Corresponding author: Zhi-Gang Zheng, MD, Chief, Professor, Department of Ophthalmology, The Quzhou Affiliated Hospital of Wenzhou Medical University, Quzhou People’s Hospital, No. 100 Minjiang Avenue, Quzhou 324000, Zhejiang Province, China. zhengzhigang0710@wmu.edu.cn
Received: January 7, 2026 Revised: February 22, 2026 Accepted: March 20, 2026 Published online: April 26, 2026 Processing time: 103 Days and 18 Hours
Abstract
Irreversible degeneration of retinal neurons and the retinal pigment epithelium is a major cause of vision loss, and current pharmacological or surgical treatments seldom rebuild lost tissue, placing stem cell-based regeneration at the center of therapeutic exploration. Retinal progenitor cells, Müller glia (MG)-derived progenitors, pluripotent stem cell-derived retinal pigment epithelium and photoreceptors, and emerging human retinal stem cell candidates together provide a diverse cellular repertoire whose behavior is governed by tightly coordinated fate-control mechanisms. Enabled by single-cell and spatial multi-omics in developing human retina and retinal organoids, these mechanisms can now be mapped at unprecedented resolution, revealing how distinct lineage trajectories and molecular states arise. This review synthesizes a multilayered framework of fate regulation encompassing the diversity and plasticity of embryonic progenitors, MG-derived progenitors, ciliary margin-like cells and putative adult retinal stem cells, and examines how transcription factor hierarchies, epigenetic landscapes, and non-coding RNAs interact with translational, metabolic and inflammatory cues to shape competence windows and photoreceptor vs inner retinal fates in development and disease. These insights are then connected to next-generation regenerative strategies, including engineered retinal organoids and sheets, MG reprogramming, and rational combinations of gene and cell therapies designed to precisely steer cell identity, maturation and circuit integration. By framing retinal regeneration within this multilayered control paradigm, we highlight key challenges for clinical translation and outline how targeted manipulation of fate-regulatory networks may accelerate the development of safe and effective stem cell therapies for blinding retinal disorders.

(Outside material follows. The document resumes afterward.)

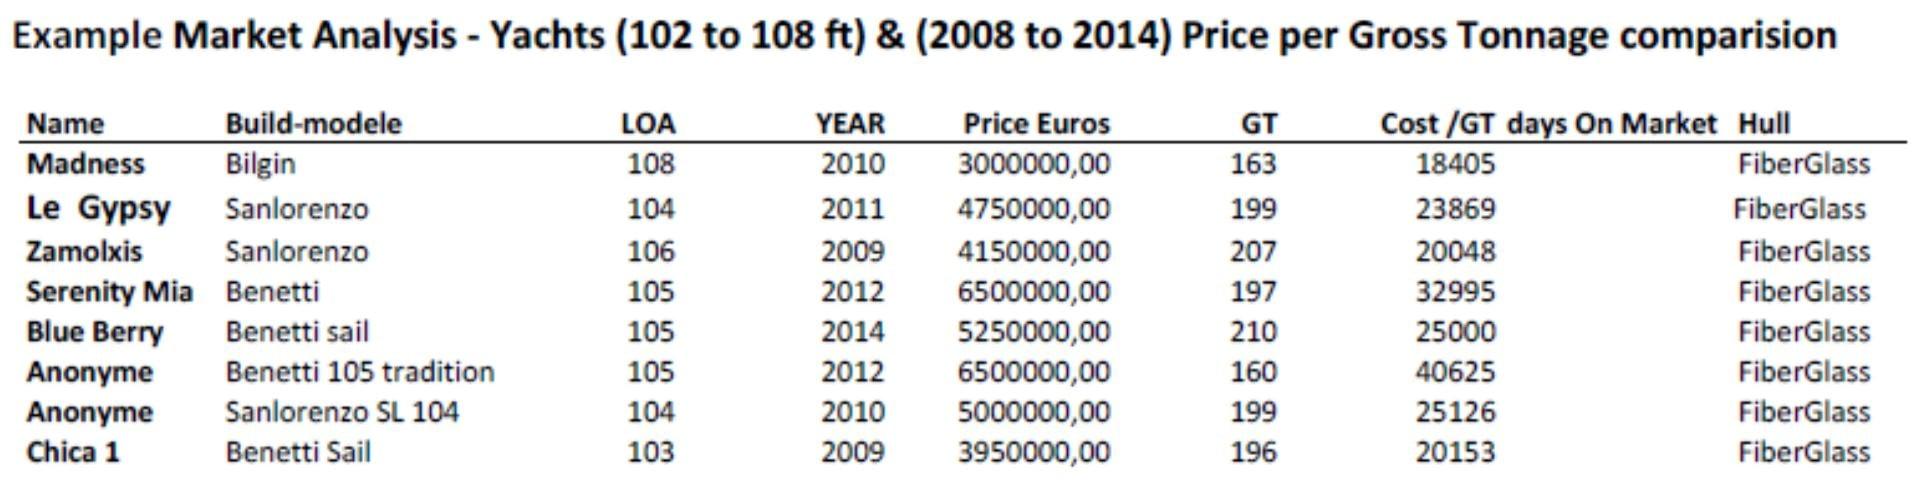 Example Market Analysis

Core Tip: Retinal degeneration is a structural failure that cannot be reversed by pathway modulation alone. Leveraging single-cell and spatial multi-omics from human retina and organoids, this review defines a multilayer fate-control paradigm - transcriptional instruction, epigenetic permission, and metabolic/inflammatory execution - that governs competence windows and photoreceptor vs inner-retinal outcomes. We compare major regenerative cell sources (retinal progenitors, Müller glia, ciliary marginal zone-like candidates, and human pluripotent stem cell-derived retinal pigment epithelium/ photoreceptors) and translate atlas insights into actionable engineering strategies, including organoid benchmarking, staged reprogramming, and rational gene + cell combinations to enhance maturation and circuit integration.